Farmer hit with 400 per cent rate hike
By Corey Everitt 25/09/2024

Photo Caption: Simon Beard (Stewart Chambers)
Officer South’s Meat Me at the Gate has seen a 400 per cent hike in its rates in just four years, revealing the dire situation facing local farmers besieged by urban development and prompting calls for greater protection in the clash between city and farm.
Simon and Michelle Beard have been running their much-beloved farm-to-plate beef operation off Cardinia Road for close to five years, a return to the farm that has been in the family for three generations.
However, during that time their rates have skyrocketed by 400 per cent. Almost a quarter of their average annual gross income now goes towards servicing council rates.
Michelle took to the farm’s Facebook page to air frustrations about the shire “rating farmers out”.
“For our family, like others that have been on the same farm for generations, the urban sprawl has big implications,” the post said.
“Our simple way of life, trying to sustain our family, becomes an impossible task.”
Cardinia is fortunate enough to have differential rates for farmers, but for farms at the flashpoint of urban growth this does little to stem the inflation of their property values.
Meat Me at the Gate is within the green wedge, but in the future will be surrounded by factories and suburban housing, as the farm is directly cut out of the Officer South and Cardinia Precinct Structure Plans.
The rate hike has occurred while there are still paddocks around the farm, with land values skyrocketing in anticipation of development in the surrounding area.
“It’s a bigger issue than just us and it’s not only Cardinia Shire that is experiencing this,” Simon said.
“It’s the clash between suburban development and farming land. We have rates like urban growth, but we are farming land.
“In prime farmland through Gippsland, values would be around $20,000 an acre, but that’s not the case here.”
For Simon, farmers in close proximity to urban growth are left vulnerable to land bankers, and it delegitimises the protections afforded by the green wedge.
The way the Precinct Structure Plans have been designed means the farm will eventually be surrounded by factories on three sides.
Additionally, the farm has a flood overlay, which effectively makes it undevelopable.
“Land bankers are inflating land values to lock it up, buy it and not farm,” Simon said.
“It’s a blight on the area. You look at Bald Hill Road, there are farms there that have been ruined by this because they have been bought up.
“I’m not saying you should lock up the urban growth area, but its current state is unworkable.”
The rising land values have been accompanied by deteriorating local amenities. Increasing development along Cardinia Road has made roadworks almost constant, with traffic also increasing.
Simon says it is no longer a country road, yet it is still maintained like one, and getting from the farm to the freeway can be arduous.
Development to the north may also be contributing to increased flooding. The farm has been underwater twice this year, something Simon says would never have happened 15 years ago.

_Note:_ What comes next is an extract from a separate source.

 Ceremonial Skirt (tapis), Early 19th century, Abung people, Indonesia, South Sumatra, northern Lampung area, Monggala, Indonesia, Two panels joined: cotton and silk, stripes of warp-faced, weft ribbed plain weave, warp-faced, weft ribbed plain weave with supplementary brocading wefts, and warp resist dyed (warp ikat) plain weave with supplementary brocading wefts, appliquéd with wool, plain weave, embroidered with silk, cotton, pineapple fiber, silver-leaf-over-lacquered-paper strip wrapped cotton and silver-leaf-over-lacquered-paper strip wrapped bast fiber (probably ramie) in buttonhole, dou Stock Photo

Simon believes there needs to be more consideration given to the interface between farming and urban land, accounting for differing needs and protecting farms from second-hand inflation. At the very least, he says the buffer must be better than the simple carve-out of his farm.
Cardinia Victorian Farmers Federation president Tony Morgan said it is a significant issue and that he has even seen land banking activity near his own farm in Bayles.

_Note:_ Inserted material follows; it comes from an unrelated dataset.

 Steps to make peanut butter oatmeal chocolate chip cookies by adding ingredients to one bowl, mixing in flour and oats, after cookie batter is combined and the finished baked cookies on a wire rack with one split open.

“We have the benefit of differential rates and we are considered, but because of our proximity to the urban growth area, values are being inflated beyond what a farmer can earn,” he said.
“Simon and Michelle are doing a top job at that farm, but it is getting harder and harder to sustain.
“Maybe we need to change the differential rate, or we should look at adjusting the way farmland is valued, making it valued as a farm.”
In July, the VFF made a submission to the State Government’s inquiry into local government funding, pointing the blame at the failure of rate capping.
VFF president Emma Germano said the burden is “shifting more and more” to farmers and called for the rate cap to be applied to each land type.
Cardinia Shire Council was contacted for comment.